Beinart reminds us that Emanuel’s former boss and fellow Chicagoan, Barack Obama, as a senator wrote of his “patriotic resentment” at seeing Mexican flags at pro-immigration rallies and his “frustration” at needing a translator to complete even basic tasks.
These would not be welcomed sentiments in much of the Democratic Party today, to say the least.
So how did we get from a place where Democrats’ platform was explicit about the fact that “those who enter our country’s borders illegally, and those who employ them, disrespect the rule of the law,” to a moment where Emanuel and other mayors are expending considerable resources to fight for illegal immigrants?
Some of it has to do with what happened on the Republican side when the previously mostly pro-immigration party flipped on the subject. You can draw the clearest of lines between the GOP revolt against a plan for amnesty in exchange for increased enforcement during the second term of George W. Bush.
When the GOP took a turn against immigration, Democrats moved the other way.

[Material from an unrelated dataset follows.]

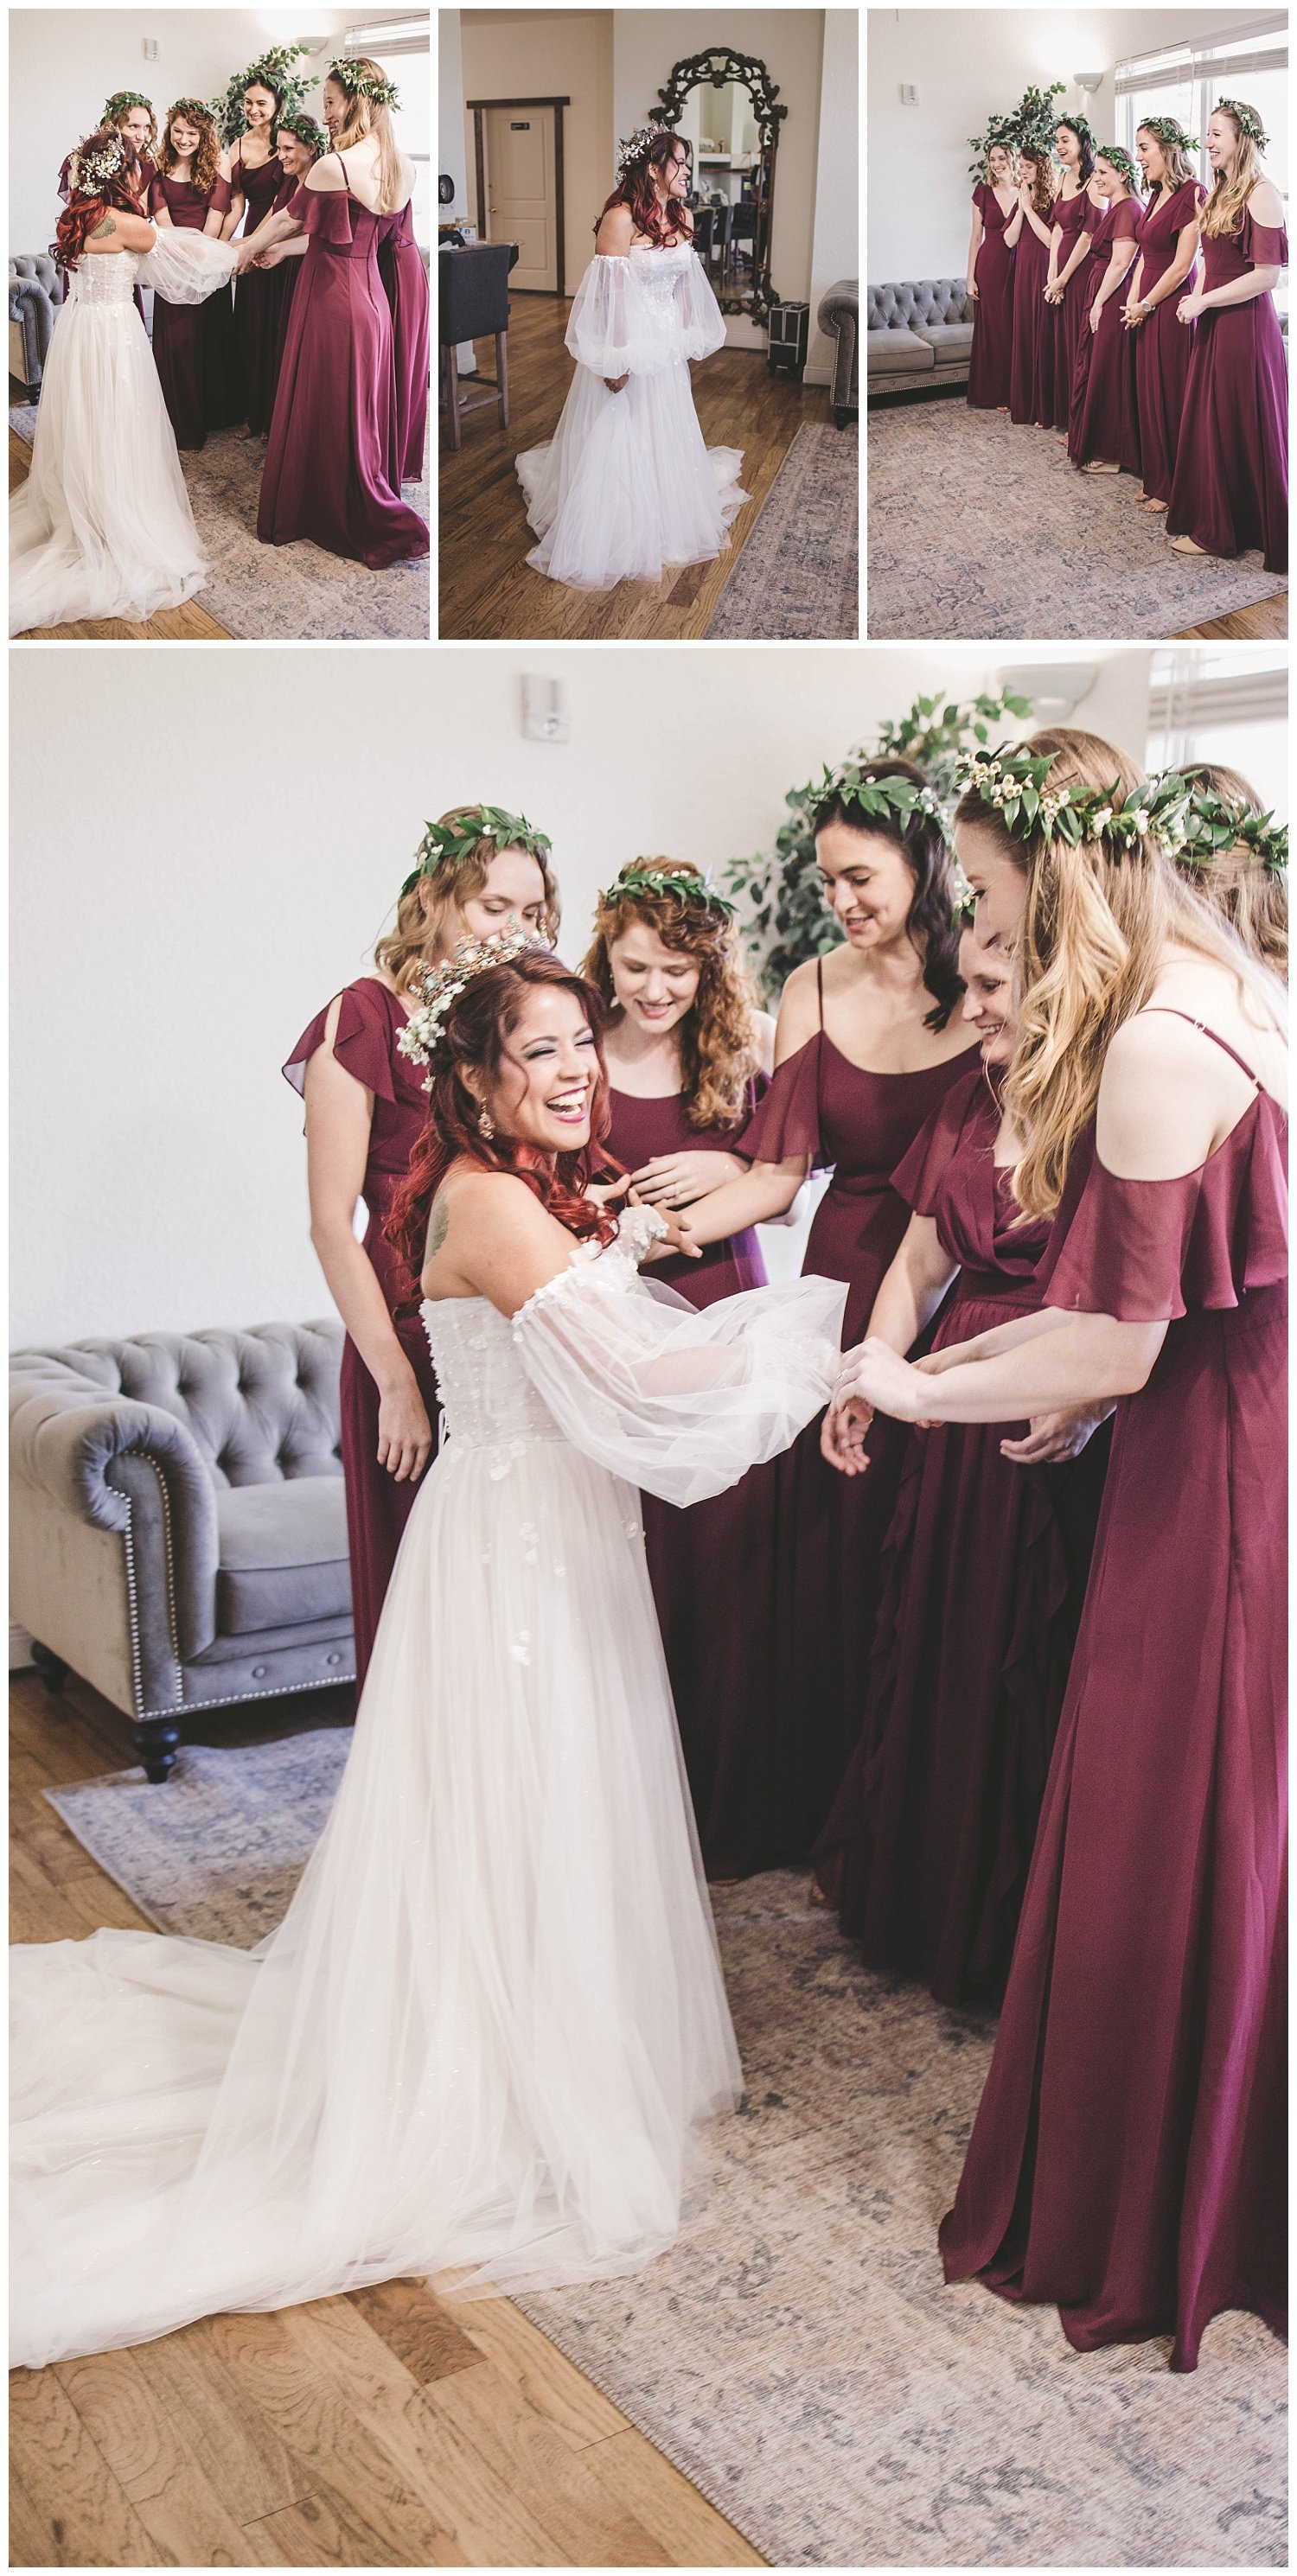  Christopher and Melanie's renaissance-themed wedding at The Sterling Venue was a delightful adventure that blended love, laughter, and a touch of whimsy. 
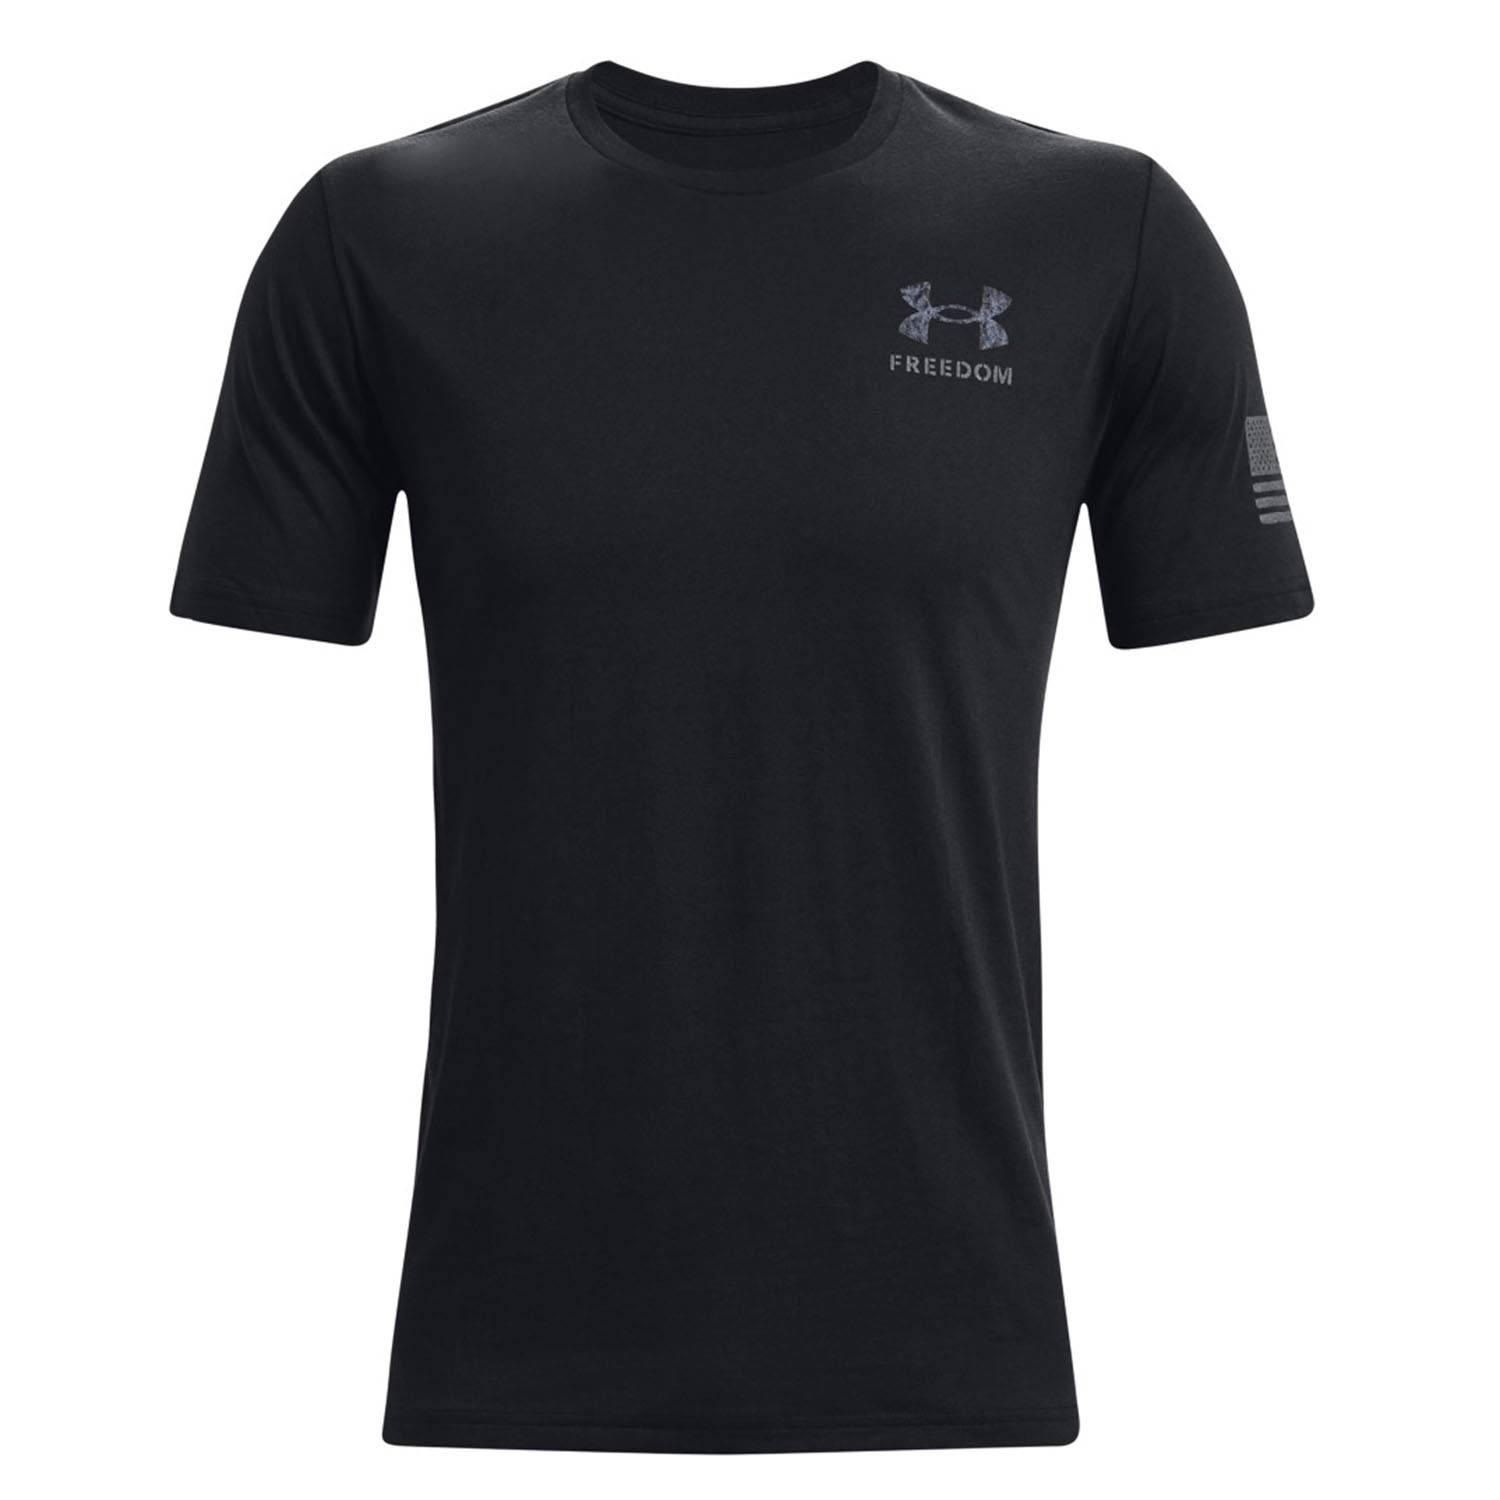 Under Armour Freedom by 1775 Graphic Tee

But there are other factors at work here, not the least of which is Democratic overreliance on political demography. The overwhelming belief among Democrats that future success is assured based on the rising number of minority – especially Hispanic – voters has led to some huge blind spots on the subject.
For Democrats, illegal immigration is increasingly treated as a social issue – a matter of principle – rather its long-standing status as an economic issue. When Democrats were still ardently pursuing middle-class white voters from industrial and agricultural regions of the country they made some of the same arguments that the Trump White House uses to support not just the crackdown on illegal immigration, but curbs on immigration itself.
When Emanuel and others defend protected status for those in the country illegally, including those working off the books and low wages, what must downscale voters who have seen little in the way of wage growth think?
Democrats make few arguments in defense of immigration, legal or illegal, but instead denounce Republican efforts to curb abuses. Centuries of varying success in America assimilating immigrants reveals one constant: Individuals in the most economic peril tend to be among the least accepting of immigration.
And the Democratic brand is supposed to be about individuals in economic peril, right?
By including an ardent defense of illegal immigrants in their evolving platform, Democrats are losing their chance to make the case to the broader electorate for not just legal immigration, but also their party’s effort to reengage with voters on the economy.